If a landowner lost his or her third-party certification, failed to harvest according to the management plan, or otherwise violated the terms of the bills, the property would lose its designation as qualified forest property and would be subject to the recapture tax. The recapture tax would prevent the use of forestland as a tax shelter or other abuse of the program. The bills would encourage the responsible harvest of wood products and sustainable land management while establishing penalties to discourage misuse of the program.
Against:
Opponents of this legislation argue that the bills are too costly to the state, and to local units of government, because of the incentive that would be offered to landowners to harvest timber on their private lands. Opponents point out that if all of those who were eligible for property tax relief took advantage of it, the program would reduce general fund tax revenue each year by about $32 million.

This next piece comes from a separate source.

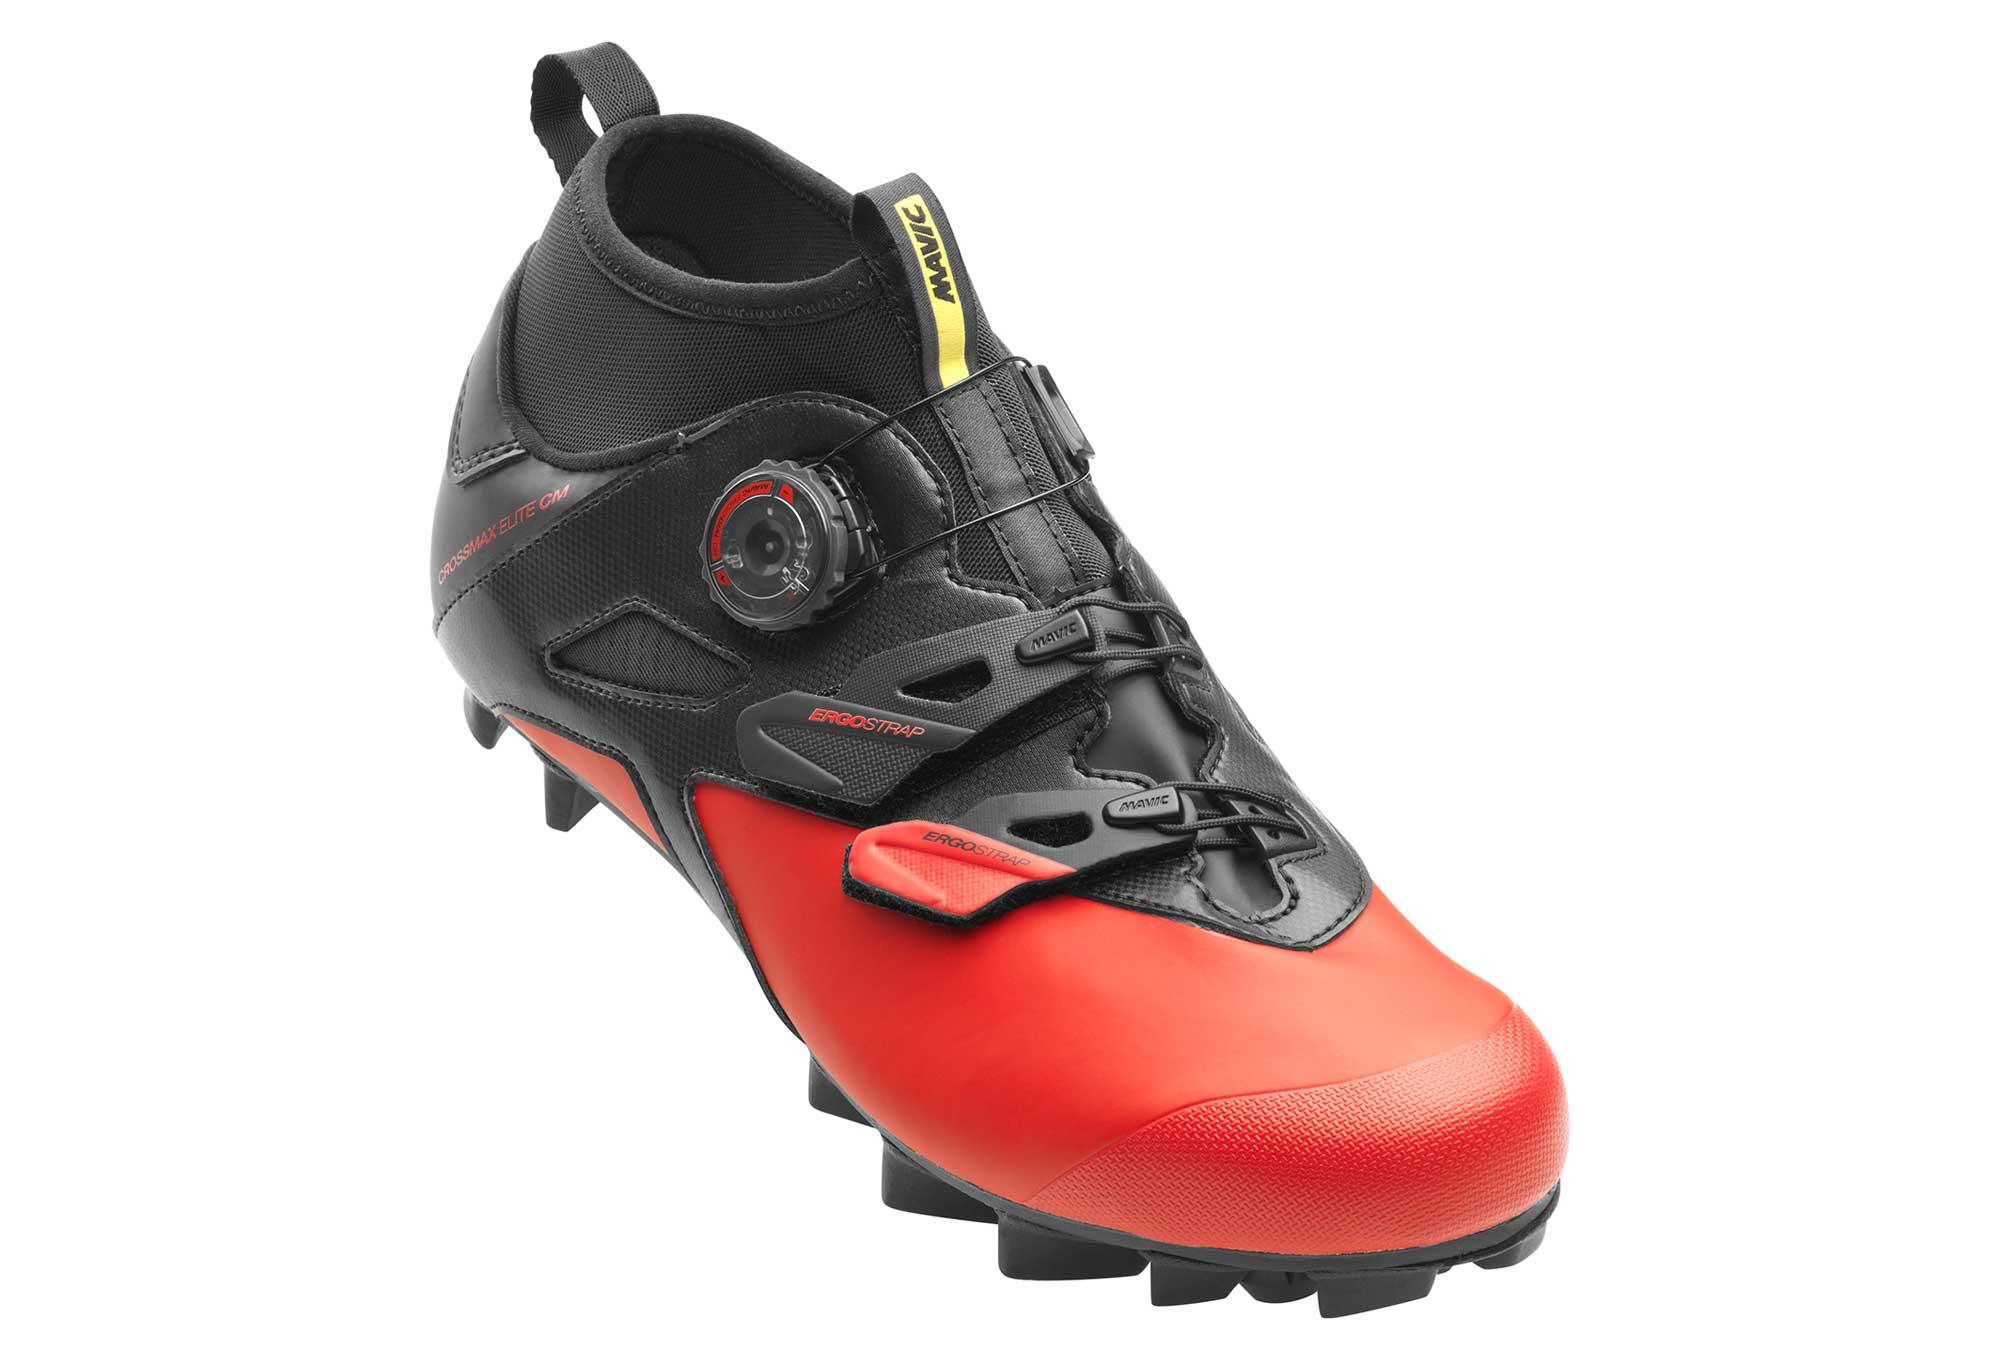 Mtb Mavic Cosmic Cm Elite Zapatillas Vision Rojo Negro CsQxthrd
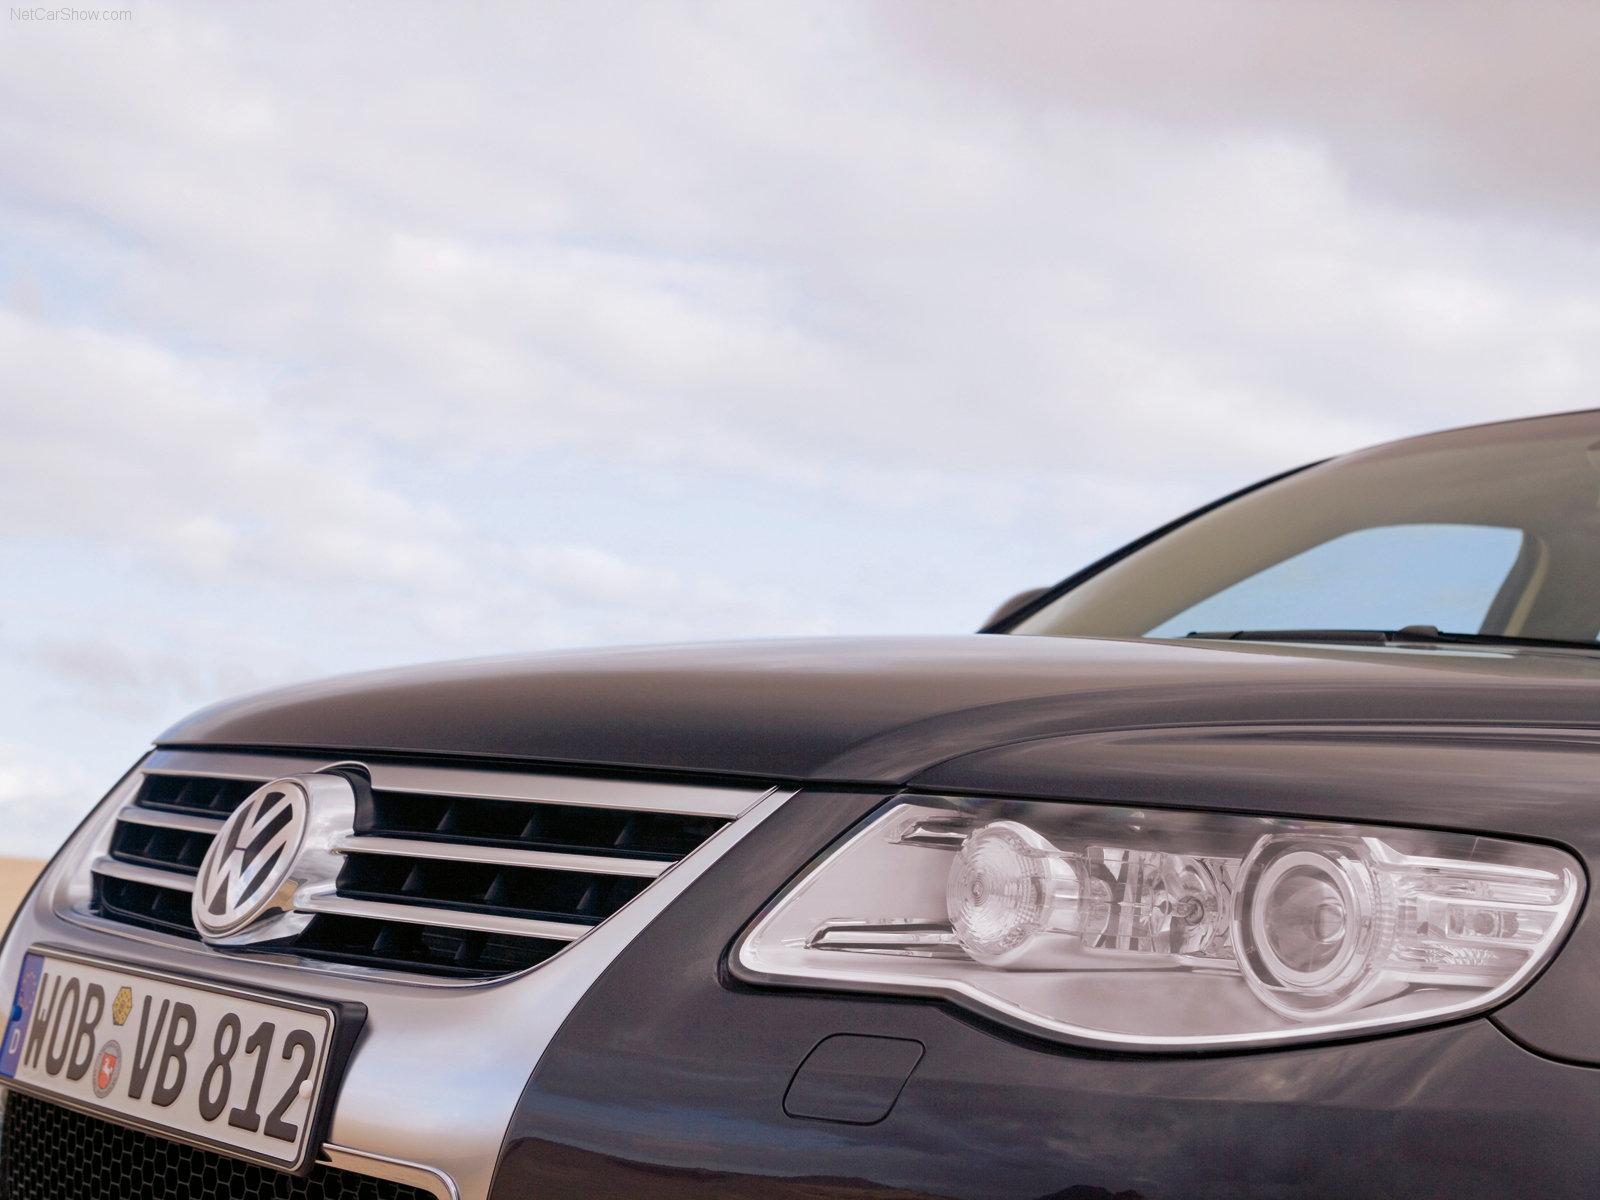 http://w04.ru/foto/Volkswagen-Touareg_2007_1600x1200_wallpaper_21.jpg

If the state reimbursed local schools for the lost revenue under the bills, the program could create significant additional expenses for the state, depending on how many landowners participated in the program. Projections of the likely participation rate vary, but any additional expense could be problematic, given the tight budget situation. It would be unwise to enact new tax incentives right now without specifying how the state would pay for the program.
POSITIONS:
The Department of Treasury supports Senate Bills 912, 913, and 914. (6-15-06)
The Department of Natural Resources supports Senate Bill 917. (6-15-06)
The Timber Producers Association of Michigan and Wisconsin supports the bills. (6-15-06)
The Michigan Forest Products Council supports the bills. (6-15-06)
The Michigan Forest Association supports the bills. (6-15-06)
The Michigan United Conservation Clubs supports the bills. (6-15-06)
Forestland Group/Butzel Long supports Senate Bill 917. (6-15-06)
The Michigan Environmental Council supports Senate Bill 917. (6-15-06)
Heart of the Lakes supports Senate Bill 917. (6-15-06)
The Michigan Association of Counties supports Senate Bills 913-914, but opposes the related Senate Bill 919.
The Michigan Assessors Association opposes Senate Bills 912 and 917. (6-15-06)
Legislative Analyst: J. Hunault
Fiscal Analyst: Jim Stansell
■ This analysis was prepared by nonpartisan House staff for use by House members in their deliberations, and does not constitute an official statement of legislative intent.